Background: The Etablissement français des Greffes reports regional variability in access to organ transplantation in France. Some variability seems to be inevitable for reasons discussed in the French article. We provide comparative data on a similar phenomenon in the United States, including some historical perspectives and recent attempts to minimize geographic variability especially for patients in urgent need of liver transplants.
Methods: To assess regional variability in access to heart, liver, and kidney transplants, a competing risks method was used. Outcomes were examined for primary transplant candidates added to the waiting list during 3-year periods. Results were stratified by region of listing.
Results: Four months after listing, the transplant rate for all U.S. kidney transplant candidates was 10.9%. Regionally the 4-month transplant rate ranged from 4.2% to 18.5% for highly sensitized patients and from 5.4% to 19.6% for nonsensitized patients. For liver candidates, the overall national transplant rate 4 months after listing was 22%, but the overall regional rate varied from 11.8% to 36.5%. The overall transplant rate for heart candidates 4 months after listing was 43.9%, whereas regional 30-day transplant rates for the most urgent heart candidates (status 1A) ranged from 25.1% to 47.1%. Four-month transplant rates for less urgent heart candidates ranged from 24.9% to 40.7%.

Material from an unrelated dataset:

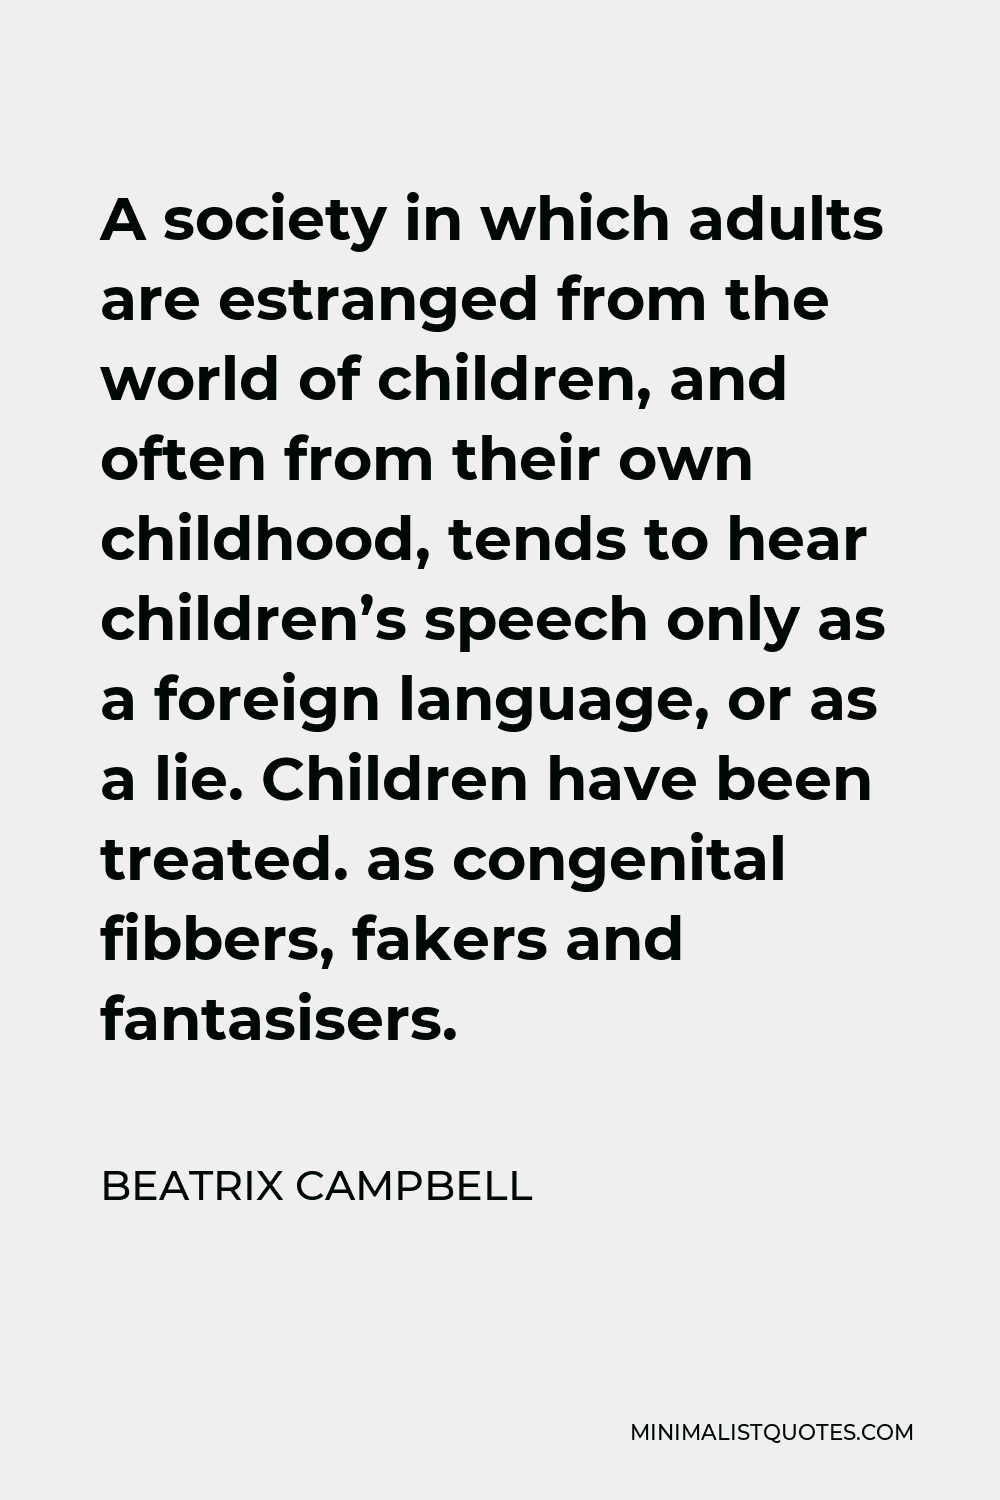 Beatrix Campbell Quote - A society in which adults are estranged from the world of children, and often from their own childhood, tends to hear children’s speech only as a foreign language, or as a lie. Children have been treated. as congenital fibbers, fakers and fantasisers.

Conclusion: Similar to the French experience, pretransplantation waiting times in the 11 U.S. regions vary considerably. Computer-simulated modeling shows that redrawing organ distribution boundaries could reduce but not eliminate geographic variability. It may be too early to tell whether the recently implemented Model for End-Stage Liver Disease/Pediatric End-Stage Liver Disease liver allocation system will decrease regional variability in access to transplant as compared with the previous system.